Dreamstime, used with permission
Source: Dreamstime, used with permission

So, I’ve got my Call and you’ve got yours. Somebody wins the Super Bowl, somebody becomes the next president. I know who I want and why (for the president, anyway…don’t care at all about the football game). I know what is important to me, what I value, what my deep wishes are and so, on that basis, I make my choice. If the candidate I prefer does not win, I will still hold those same values and I will still be able to lend my voice, my passion and my action to causes that support my values. And I don’t have to be sad, outraged, dejected, or even disappointed that the other candidate won. By the time there’s a new president, all of that is over and a whole new game has begun. Now what? How do I, now, with whatever outcome there is, move on to what I am called to do? The story has changed, and I change with it. And I can do this without polarizing. I’ll still work for what I believe in. I’ll still keep the faith, with whatever I’m passionate about, but the game changer is doing that without turning everyone who disagrees with me into a bad guy.

Behind the “Let’s be more civilized” message here, is another message. Let’s keep catching up to the present moment. That’s all we’ve got. Right now I can work for the candidate of my choice. I can root for the team of my choice. I can cheer the magnificent performance of the opera, or the high school play. In the past (only a memory really), I also did things that were important.
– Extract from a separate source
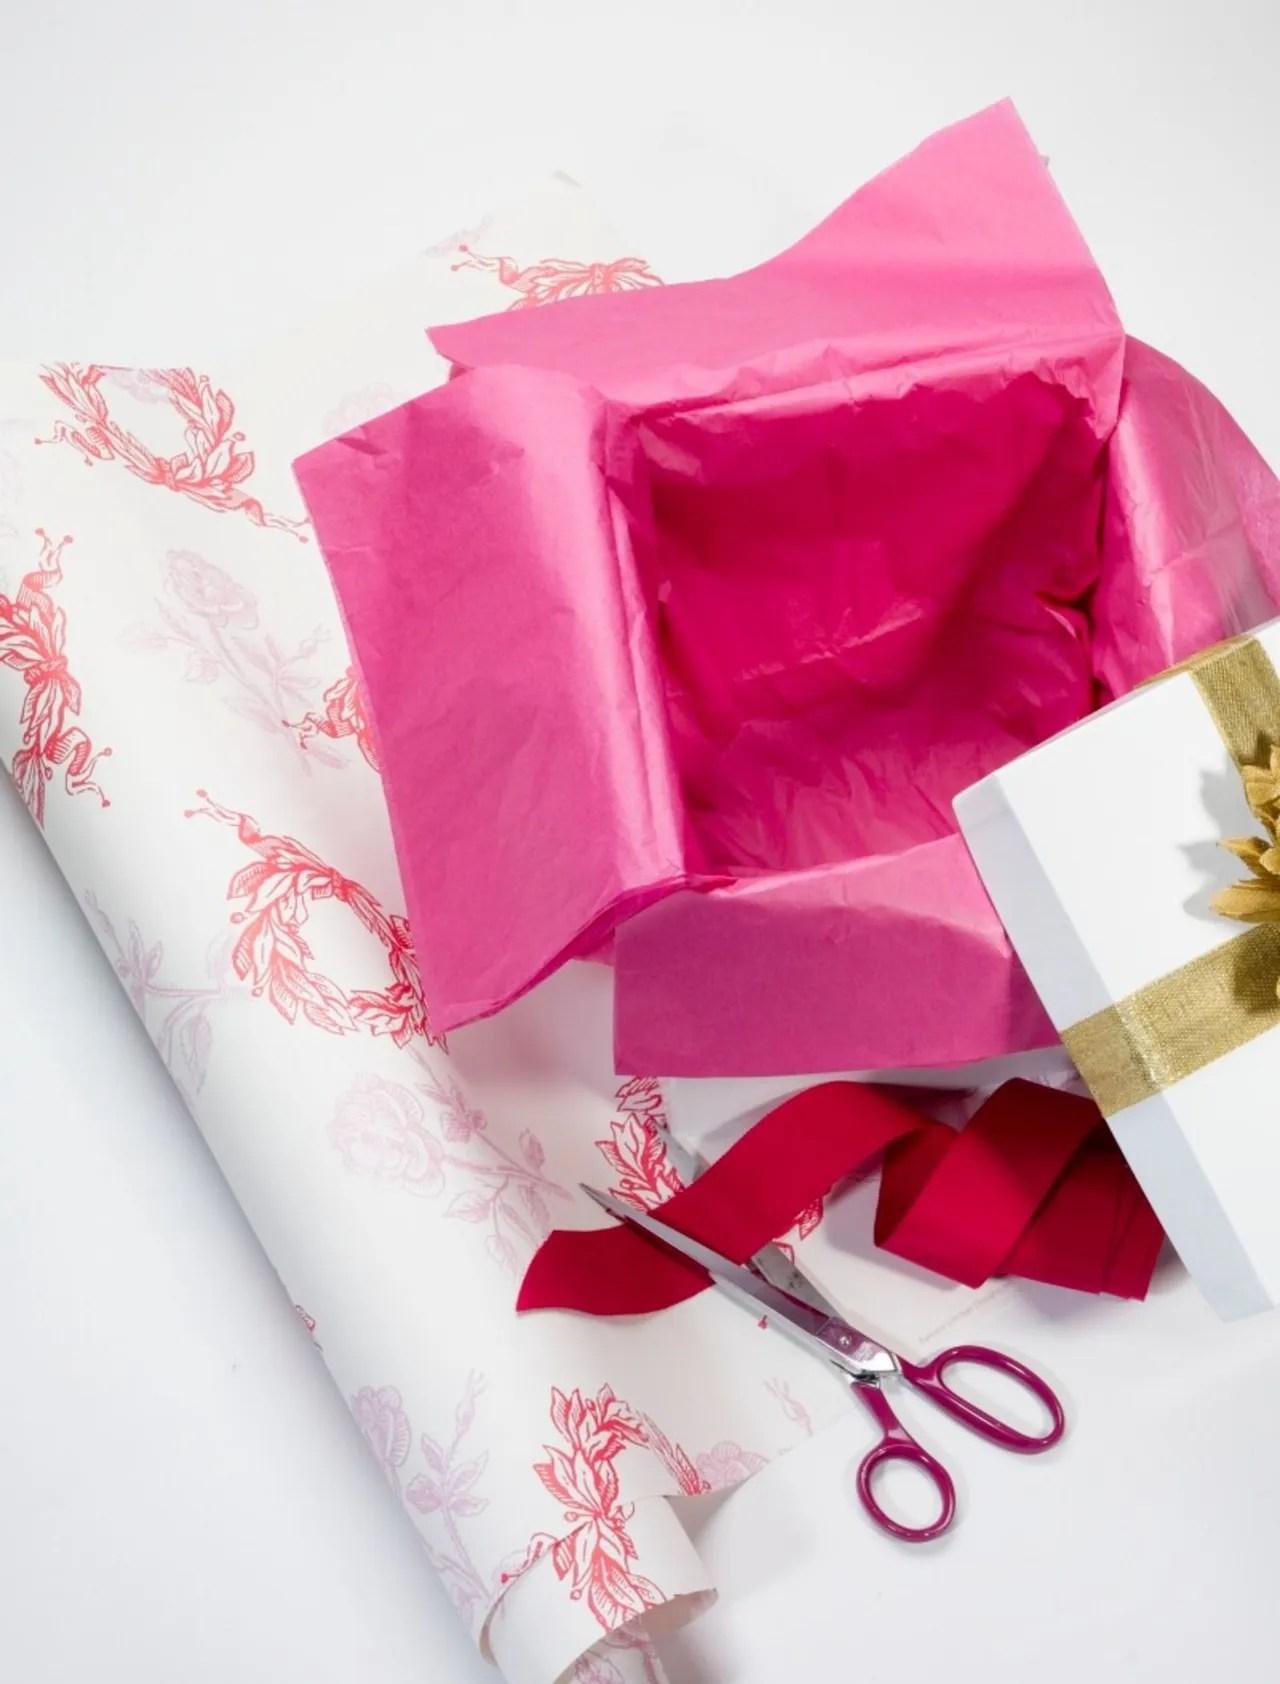 Fullsize Of Gifts For Bridal Shower

I thought about the various candidates and their platforms, I figured out what sports I liked, I practiced my performance, I bought my tickets. And in the mythical future, I will also have choices about what to do, but by then it will be the present again. And really that’s where we belong.

Wouldn’t it be grand to have our present moments filled with the goodness of our hearts? Wouldn’t our world be a better place if we lived now in kindness, acceptance, compassion? We could add a few helpful qualities as well: curiosity; discernment; respect; love……

I vote for that. That’s a change I can get behind.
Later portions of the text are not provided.